Hugo Rodríguez, diretor-presidente da rede de farmácias Drogamed, dá uma receita baseada no conforto: “Para atrair o cliente para dentro da loja, usamos as ferramentas de marketing como TV e jornais tablóides. A loja deve ter fácil acesso de pedestres e veículos. O ambiente deve ser agradável em temperatura e odor. Lojas muito pequenas, tornam-se tumultuadas quando três ou quatro clientes estão na mesma seção, todos perdem privacidade. Então, muito cuidado deve ser tomado quanto ao tamanho. Mercadorias bem dispostas, preço à mostra, com novidades freqüentes.” Adicione a esses ingredientes um atendimento eficiente, e você terá tudo o que um cliente espera de uma farmácia: segurança e conforto”.

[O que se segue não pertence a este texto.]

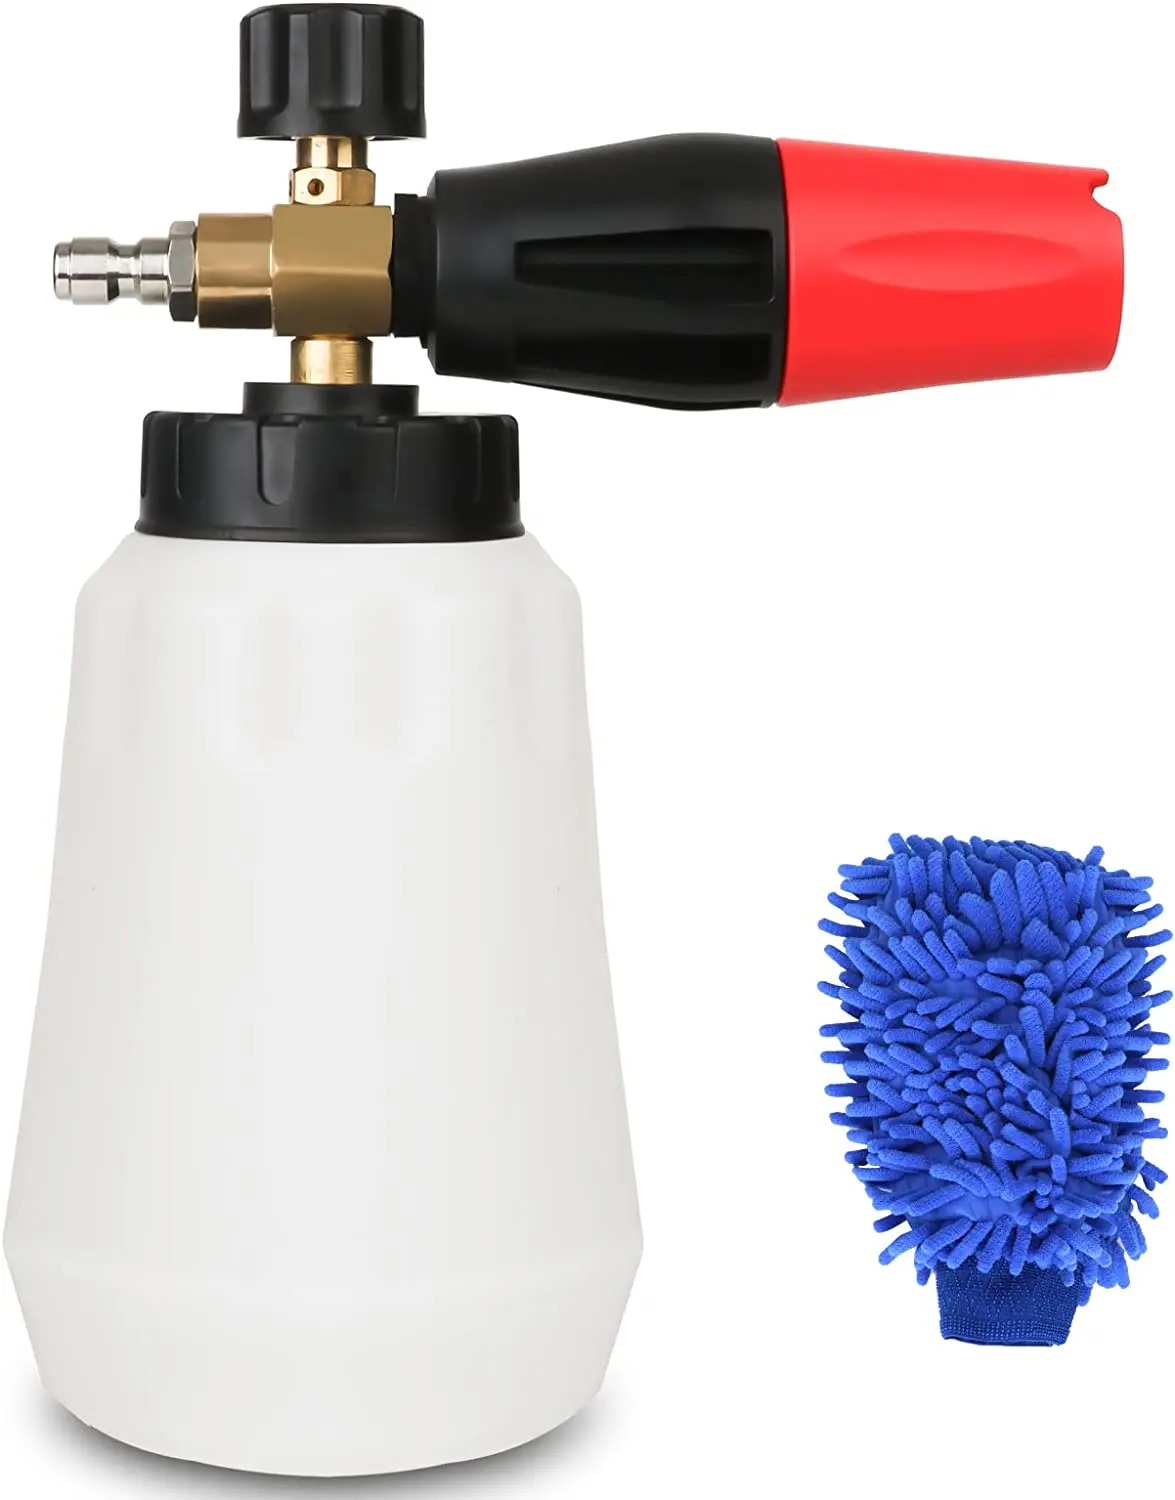 EVEAGE Foam Cannon, 1/4 Inch Quick Connector and 1 L Bottle for car wash

Moacir Moura, consultor de empresas, especialista em treinamento, diz que todas essas maneiras de agradar o cliente, e muito mais, são a grande vantagem do varejo, que é o carro-chefe de muito o que você lê por aí: “Tudo o que você ouve falar sobre marketing é ensaiado, realizado e produzido no varejo. Aquele marketing ensinado nos cursos é o industrial, que ficou no passado. Esqueceram que o do varejo é a realidade, o verdadeiro laboratório. Tanto que as grandes indústrias fazem pesquisa no varejo.” Heloisa Morel, gerente de marketing do Pão de Açúcar, acrescenta a importância de se prestar atenção nas características da população. Por exemplo, o fato das famílias estarem diminuindo e de haver cada vez mais pessoas morando sozinhas. Isso faz com que a grande compra mensal de supermercado esteja desaparecendo. “Hoje, o que mais se vê são compras esporádicas”. E, ora, se o consumidor entra no supermercado para comprar um ou dois itens, ele não quer passar horas entre um corredor e outro. Deseja lojas menores, mais práticas, que o façam se sentir bem. Com isso, a tendência é que os hipermercados percam espaço.
Sentidos em alerta – Para Juedir Teixeira, vice-presidente de marketing do Sindilojas-Rio e palestrante, a emoção se passa principalmente no atendimento. “É preciso ser simpático e atencioso, procurando fazer uma boa abordagem, ou seja, recebendo o cliente como se fosse um convidado que chega a sua casa.” Colocar essa filosofia em prática não é algo novo. Tanto é que no Japão não existe a palavra “cliente”. Em seu lugar utiliza-se uma expressão que significa literalmente “vossa excelência que nos visita”.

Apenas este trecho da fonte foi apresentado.